Patterns of Response to Immune Checkpoint Inhibitors in Association with Genomic and Clinical Features in Patients with Head and Neck Squamous Cell Carcinoma (HNSCC)
Round 1
Reviewer 1 Report
The manuscript reports the HPD in HNSCC patients treated with ICI. The salient features of the study are: retrospective analysis of the tumor growth kinetics (TGK) using CT scans data before, during and post ICI Rx revealed that about 15% of the patients are HPD and mostly in younger patients who are on ICI as 2nd or 3rd line of treatment. There were some gene alterations such as amplifications but sample size is not large enough to conclude indeed it is the cause of HPD. In the absence of histological data except for PD-L1 expression, it is important to discuss the possible effect of anti-PD-1 antibody on the tumor cells. Anti-PD-1 antibody works by blocking the interaction of PD-1 on anti-tumor T cells with PD-L1 in responders. However, if the tumors also express PD-1 which signals anti-tumor effect then anti-PD-1 antibody can accelerate tumor gorwth as suggested by the following study.
PD-1 expression on tumor cells also was reported to be a reason for HPD in NSCLC. This observation is in agreement with the finding of PD-1 expression by NSCLC cells reduces tumor cell viability and PD-1 blockade promotes tumor proliferation (Du S et al, Oncoimmunology 2018). This suggests that anti-PD-1 therapy may not be beneficial, or even deleterious to certain lung cancer patients.
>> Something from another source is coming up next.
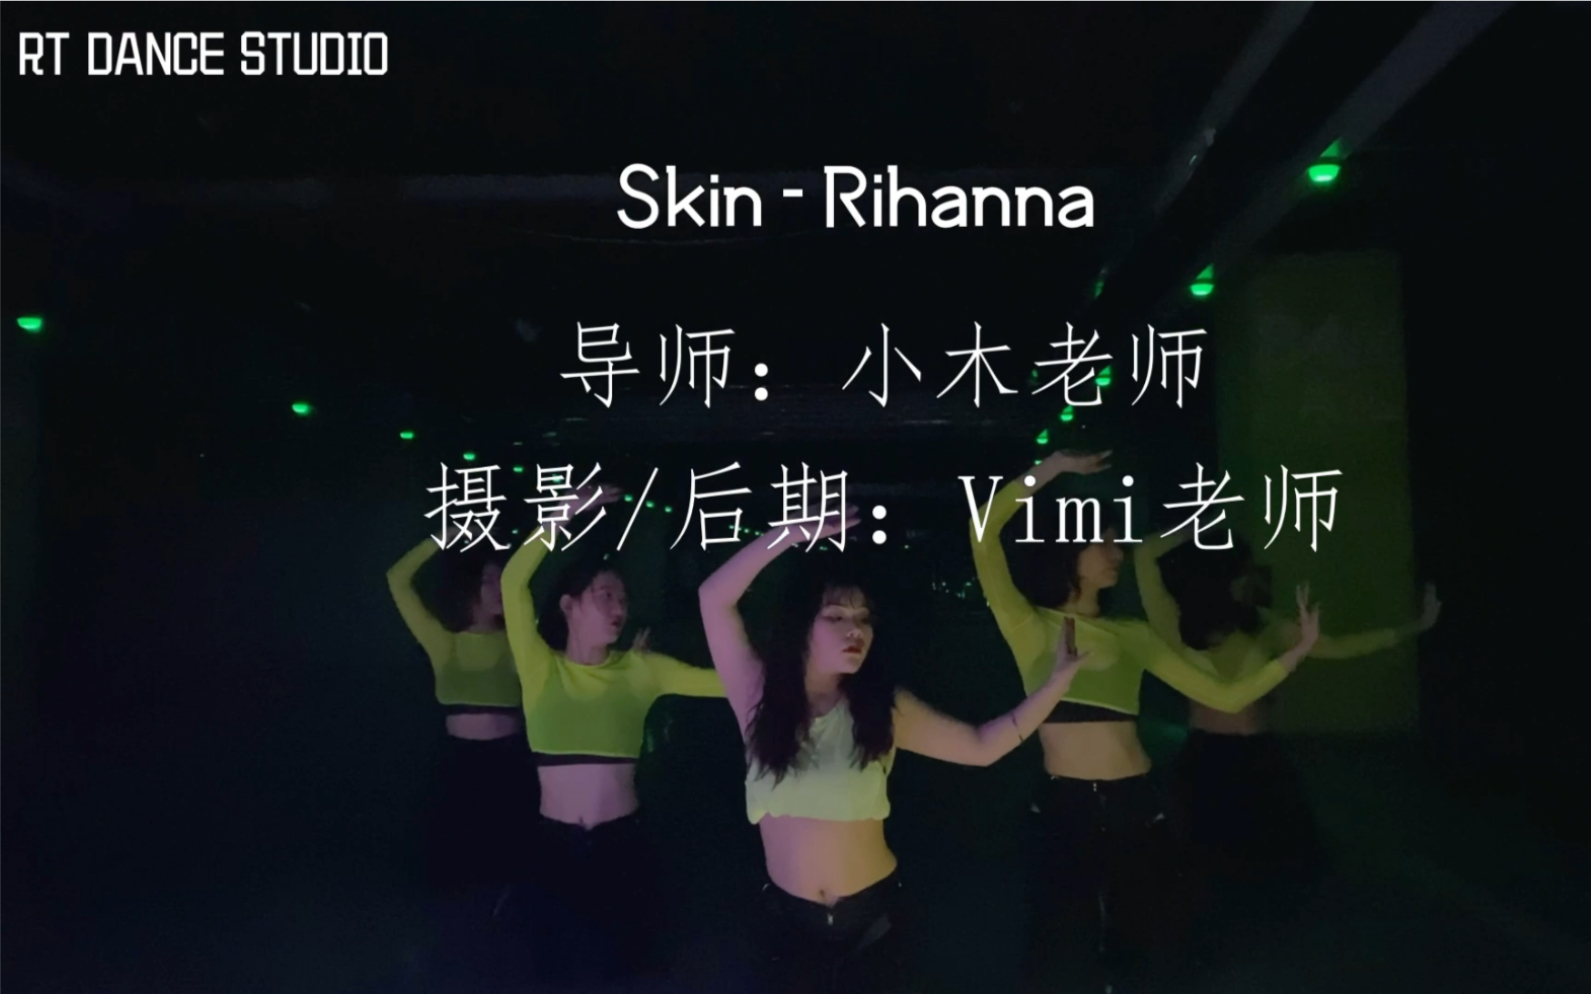 Sikn-Rihanna舞蹈

Thus, the assessment of intrinsic PD-1 marker expression on tumor biopsy is needed before assigning the anti-PD-1 therapy to patients.
Author Response
We thank the reviewer for his/her comments.
In the revised maunscript, a possible effect of the anti-PD-1 antibody on tumor cells is discussed in lines 297-306.
Reviewer 2 Report
The manuscript entitled “Patterns of response to immune checkpoint inhibitors 3 in association with genomic and clinical features in 4 patients with head and neck squamous cell 5 carcinoma (HNSCC)” deals with a very important topic that is understudied in clinical practice. To clarify the reasons leading to hyperprogression in different settings is of paramount importance. The authors shed light in this issue focusing on patients with Head and neck carcinoma. Overall, this study is interesting, and is expected to be of interest to readers of Cancers. There are few points that need to be addressed prior publication.
First the authors included in the title that genomic features are associated with hyperprogression, which stresses out the significance of this relationship. However, in the abstract this association is not mentioned at all.
Second, the authors found that gene amplification is more frequently observed in patients with hyperprogression. Could the authors provide more details about the genes that are amplified in this setting?
Author Response
We thank the reviewer for his/her comments.
In the revised manuscript, the abstract has been modified and association of genomic features with HPD is mentioned in lines 38-44.
Gene amplification in HPD was idenitified in EGFR, CCND1 and KRAS genes. This is mentioned in lines 180-181.